I have been running a directive system with a DECA network for almost a year and have used it to get an ethernet connection to the other side of my house using a broadband deca by the router and a deca with a power supply to get the internet out of the deca network and into my second router. When i first set it up it was plug and play and super easy once i upgraded my swim to have enough tuners and it has ran great until recently when we had the main router go bad and had to replace it (A family member got flip happy with the breaker box and fried it because it was not plugged into a surge protector like everything else) . After replacing it my second router says it can't find a DHCP server or an internet connection but all of my Directv receivers say they are connected to the internet and are able to use TV APPS etc. If i plug my mac book directly into the DECA w/ Power Supply i show 57m download and can surf the internet but then when i plug my second router back in it still says no internet and no DHCP. I have reflashed my second router (Buffalo WZR-AG300H) with new DD-WRT and have reset the modem, first router, BB DECA, and second router multiple times and nothing seems to fix it. I have even plugged my router into my second deca only then remembering that it doesn't have a power supply so it wouldn't work anyways.

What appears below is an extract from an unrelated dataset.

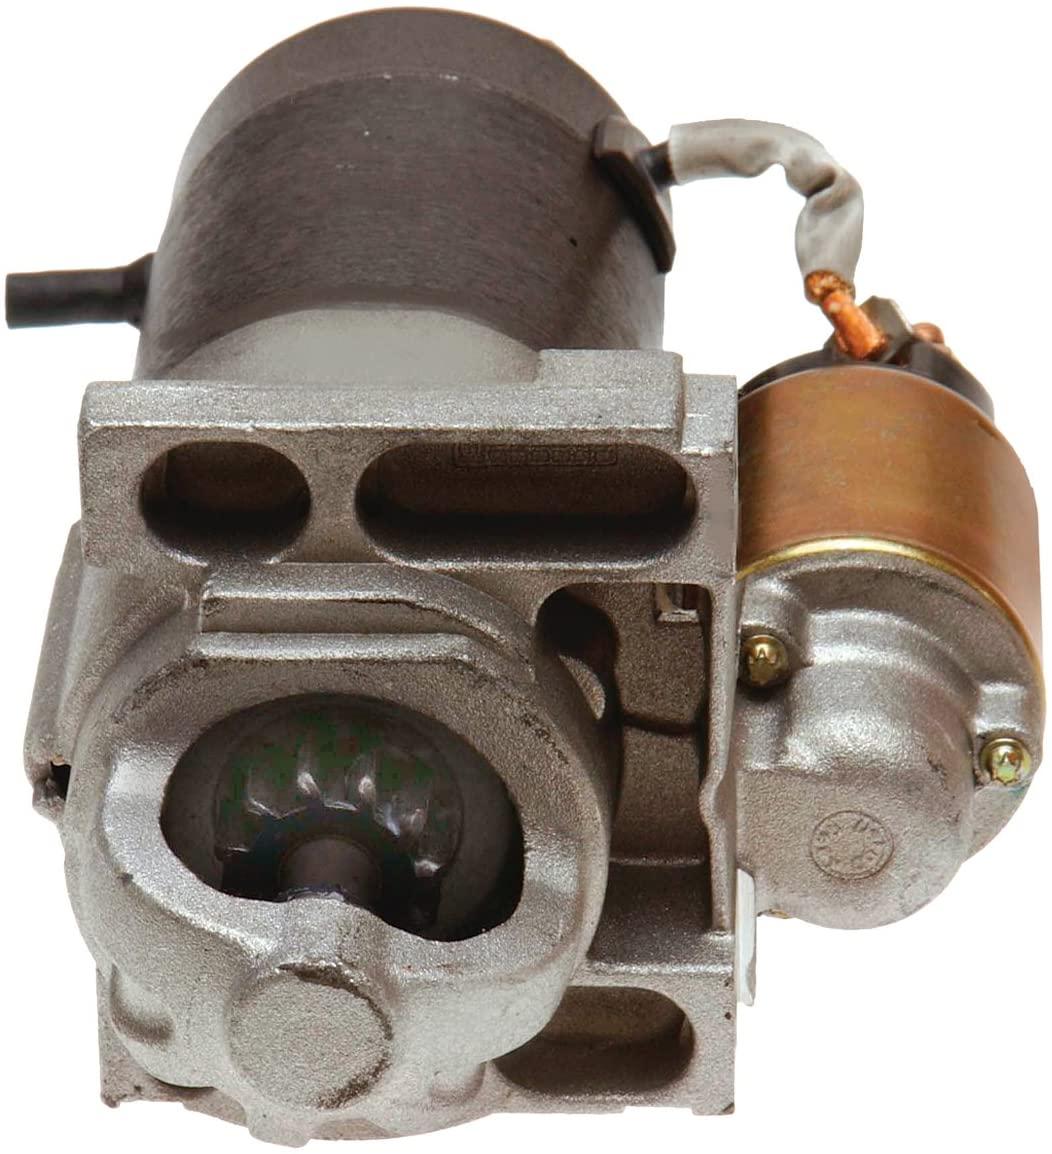 ACDelco 323-1475 GM Original Equipment Starter, Remanufactured

Anyone have any ideas on how to solve my problem?

I have included a diagram of my system set up with the exception of the splitters, multi switch, and swim that i have as i am almost 100% certain they are not the issue as this issue did not start until after i replaced the router but can add them or answer questions about them if that would help. Also this system is two DTV accounts running on one SWiM network but that shouldn't make a difference (HR24 and HR21 on one account, HR34, H21 on another account both half whole home active and can share playlists)


----------



## peds48 (Jan 11, 2008)

you must turn off DHCP on one of the routers.


----------



## Rcsfanz11 (Nov 22, 2013)

you must turn off DHCP on one of the routers.

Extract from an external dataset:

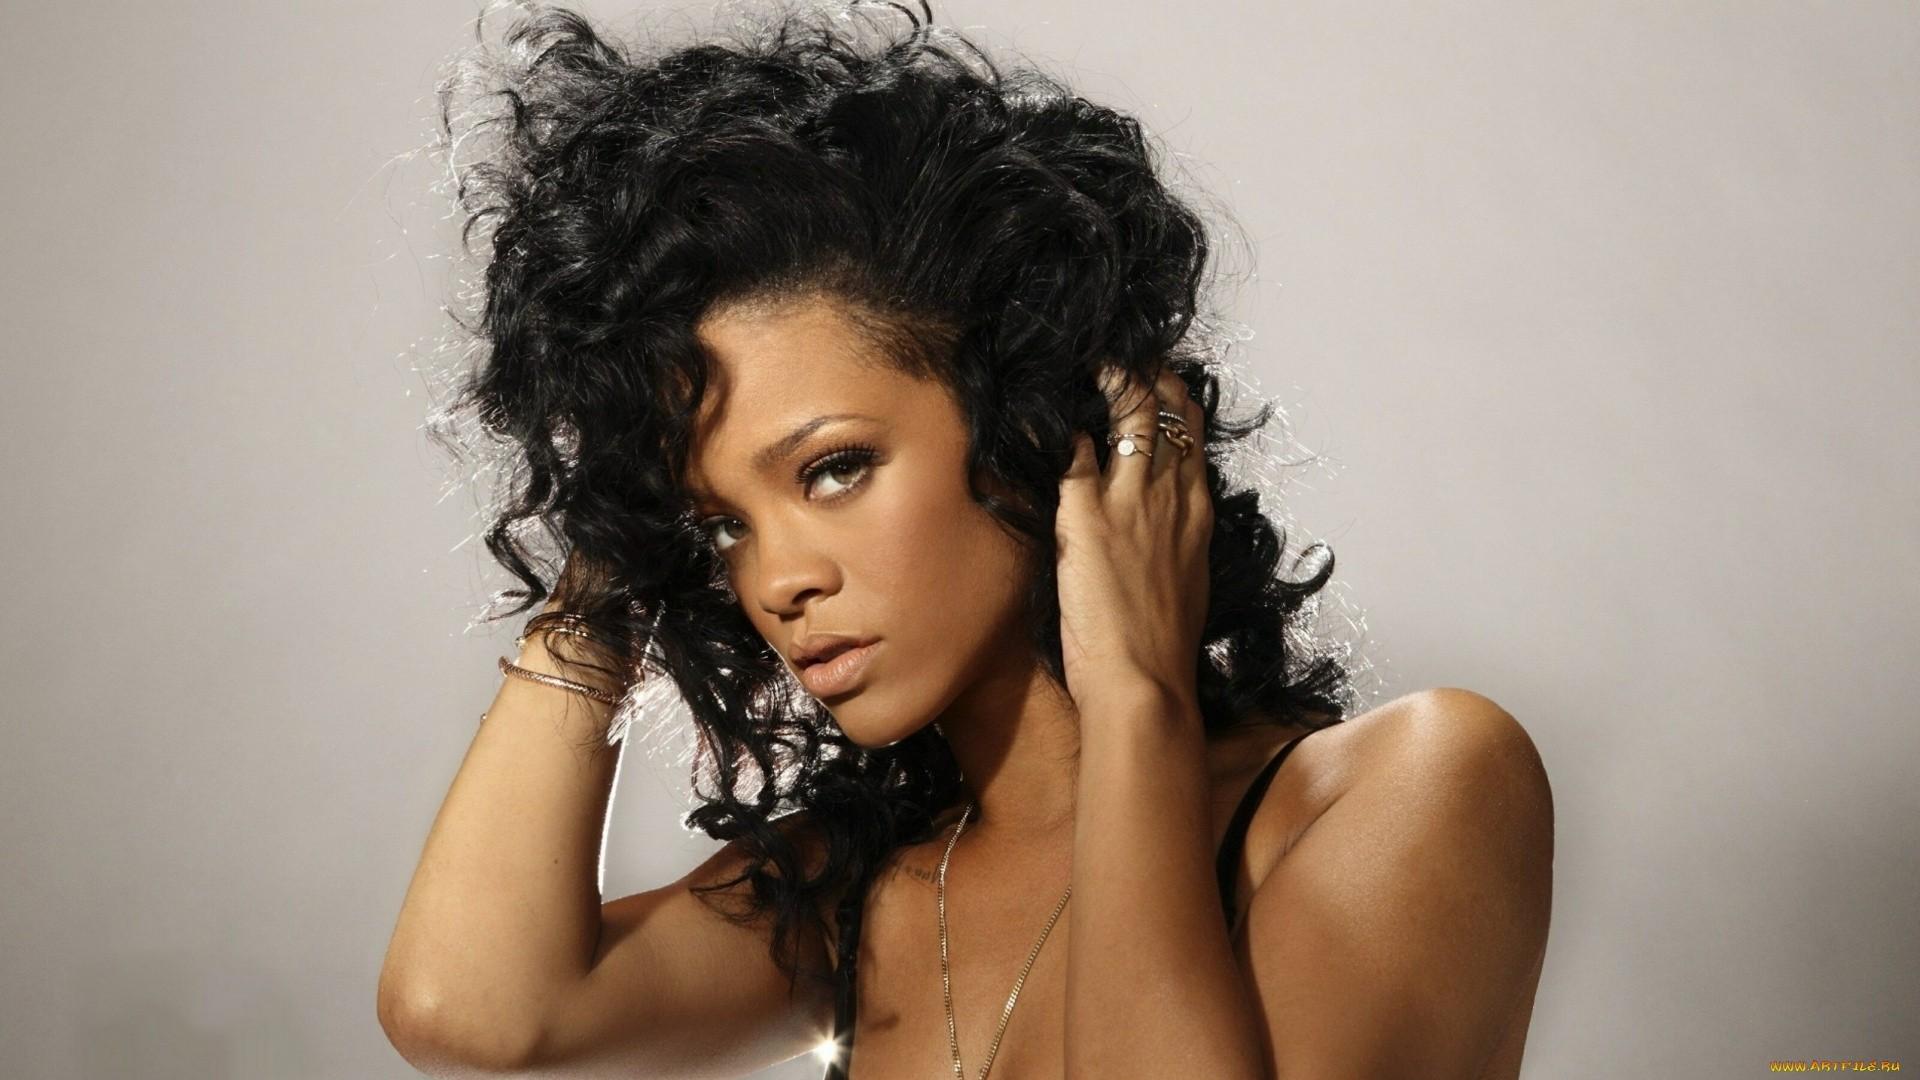 Rihanna a wallpaper

Do I turn it off on the one at the modem or my second router?


Sent from my iPhone using DBSTalk


----------



## peds48 (Jan 11, 2008)

second router


----------



## Rcsfanz11 (Nov 22, 2013)

peds48 said:


> second router


Ok so on the WAN connection what do i set it up as?
Static IP
PPPoE
PPTP
L2TP
Heartbeat Signal

If it is static do I set up the WAN IP as an IP on the first router. My first router is 192.168.11.1

Thank you for your help and sorry for the stupid questions


----------



## inkahauts (Nov 13, 2006)

You need to set the second router as a wap. You can only run one router.


----------



## Rcsfanz11 (Nov 22, 2013)

You need to set the second router as a wap. You can only run one router.

Thank you both I finally got it working!


Sent from my iPhone using DBSTalk


----------



## peds48 (Jan 11, 2008)

Rcsfanz11 said:


> Thank you both I finally got it working!
> 
> Sent from my iPhone using DBSTalk


Awesome. Thanks for the update.


----------